MARTA switched to weekend schedule, experienced some delays Wednesday

All night Tuesday, MARTA trains ran on their tracks, keeping mechanisms warm for the morning commute.

But early Wednesday, with many businesses closed and schools out, fewer than 5,000 people decided to use MARTA to get around metropolitan Atlanta — less than a quarter of the normal ridership. So at 7:30 a.m., MARTA officials decided to operate a weekend schedule, with trains running every 20 minutes as opposed to every 10 minutes, said Stephany Fisher, a MARTA spokesperson. Bus service also was curtailed.

As of 4 p.m., it seemed like the decision was on track with the number of riders. Just 28,000 people had stepped on a MARTA bus or train, a 76 percent decrease from the 118,000 riders who used MARTA services last Wednesday.

But demand is expected to be higher Thursday.

MARTA again planned to run trains overnight in order to keep everything working, though Fisher said the system will continue its modified schedules, with trains coming every 10 to 20 minutes. Limited bus service will continue, with buses sticking to major roads and routes with medical centers.

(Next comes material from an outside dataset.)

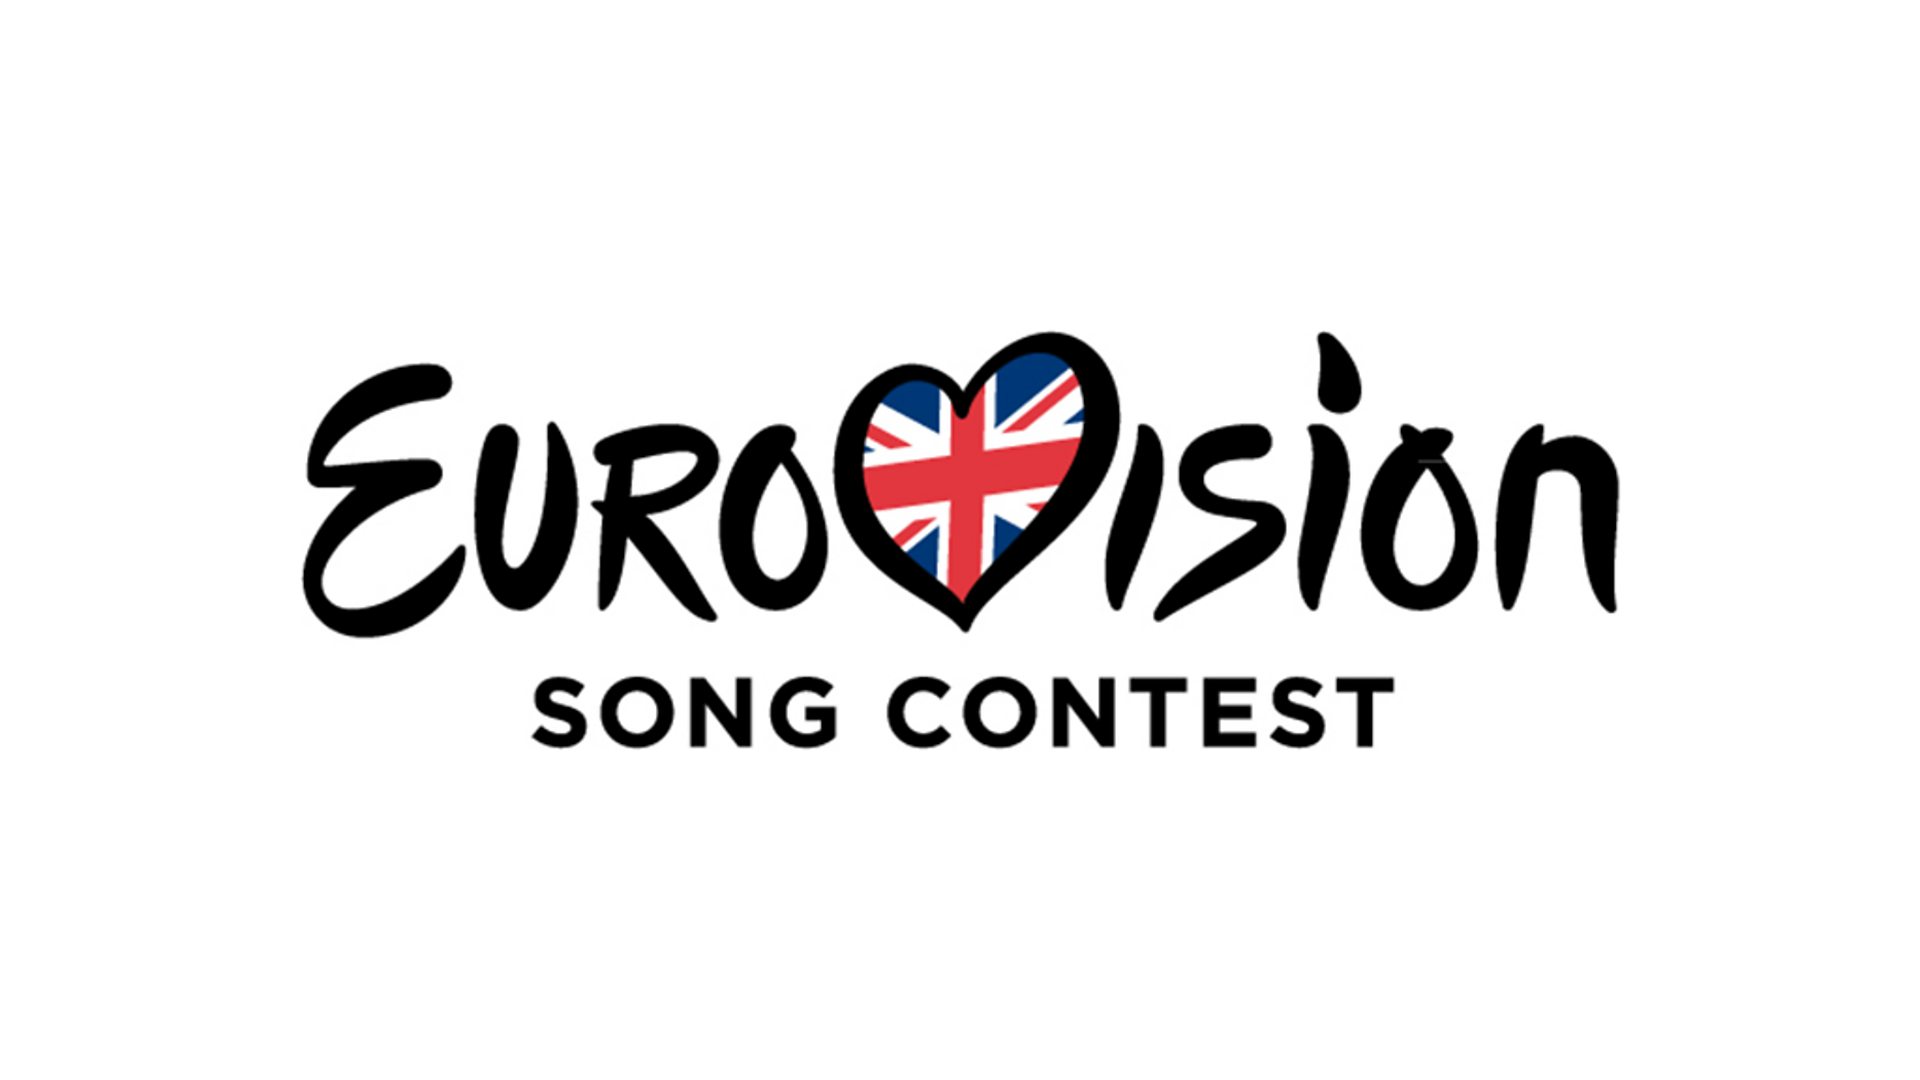 United Kingdom participation in the Eurovision Song Contest 2024 is
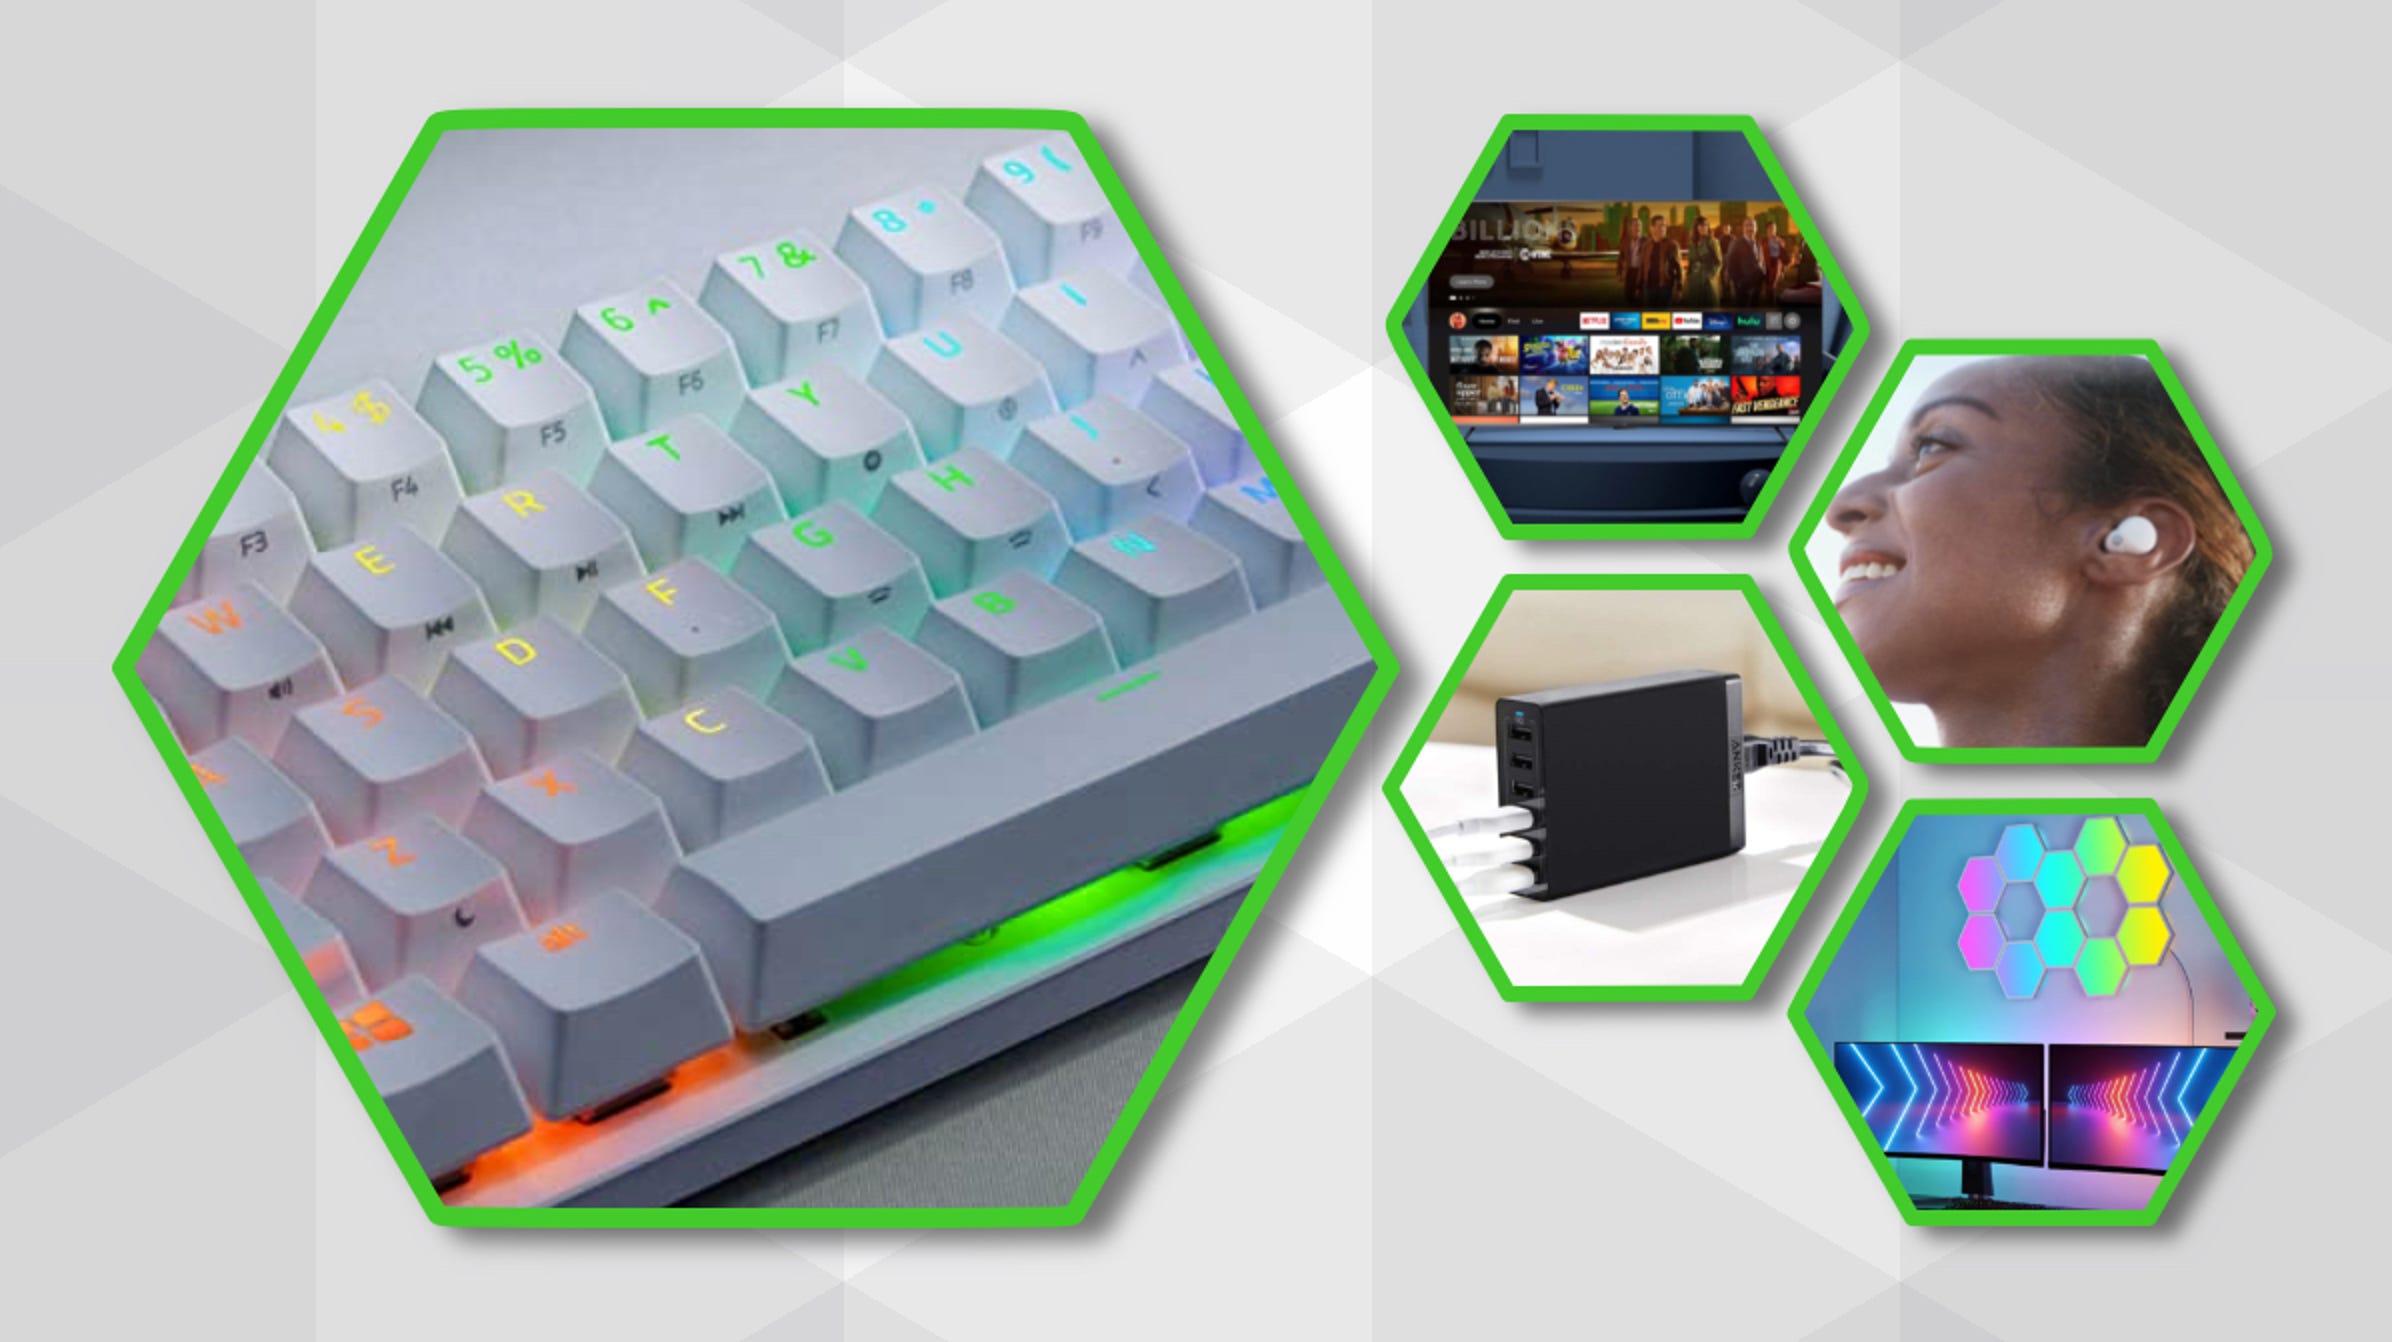 HTG Deals: Save Big on Razer Mechanical Keyboards, Mice, and More

The agency reported several problems related to the weather Wednesday, including train delays and some stuck vehicles. But Fisher said no one was injured.

Most of the delays on trains were related to cold weather, Fisher said. Cold weather is often more of an issue than ice and snow, she said, because it affects how braking systems work — and MARTA’s trains weren’t built to handle it.

There was a 40-minute delay on the Gold Line on Wednesday when there was a problem with a train’s air compressor at the Doraville station, Fisher said, and both Red and Gold lines had a 24-minute delay just before 11:30 a.m. when a train at the Lindbergh Station had an air pressure issue. On the Red Line, ice kept some trains’ doors from closing, Fisher said, causing a 20-minute delay.

Fisher said the primary issues were on buses because roads were not clear enough to run routes. Twenty-five slid off roads or got stuck Wednesday morning, before they picked up passengers.

Randy Clarke, vice president of operations and member services for the American Public Transportation Association, said southern cities like Atlanta are less prepared for, and less culturally used to, the elements. He said from clearing platforms to making sure buses can run, “there’s a lot to this.”

“It’s not just vehicles going up and down the tracks,” he said.

Residents are used to school closings, “but if transit somehow gets impacted, people are just astonished,” Clarke said.

Simon Berrebi, a software developer who has a doctorate in bus operations from Georgia Tech, said even with some delays, MARTA has shown an “amazing capacity” to keep its system running and get people where they need to go.

Berrebi said MARTA has done a good job of upkeep, which helped prevent further delays. Even with the agency’s switch to a weekend schedule, he said, people were able to use the service as they needed it.

Wednesday morning, Greg Amroso was one of those people. He is not a regular MARTA rider, but he’d left his laptop on his desk at his office Tuesday evening and had work to do. He walked a short distance from his home to the station in downtown Decatur and was headed to 10th and Peachtree streets.

“I didn’t want to drive because the streets were icy,” he said. “It’s not a good day to drive.”

The usually busy Five Points Station was like ghost town. There were no people pushing through the turnstiles at the plaza and only a smattering of passengers were waiting on the platforms.

Mohamed Saleh, who was taking MARTA to the airport for the first time in about 10 years, was shivering on the platform at the Five Points station, waiting for a south-bound train. He said on the drive from his home in Clarkston to the Kensington station he saw two wrecks, including one in which one car appeared to have slid into a police car on Memorial Drive.

“People know that they can count on MARTA,” Berrebi said. “It’s days like these, you really see the impact of public transportation.”

Staff writer Rhonda Cook contributed to this story.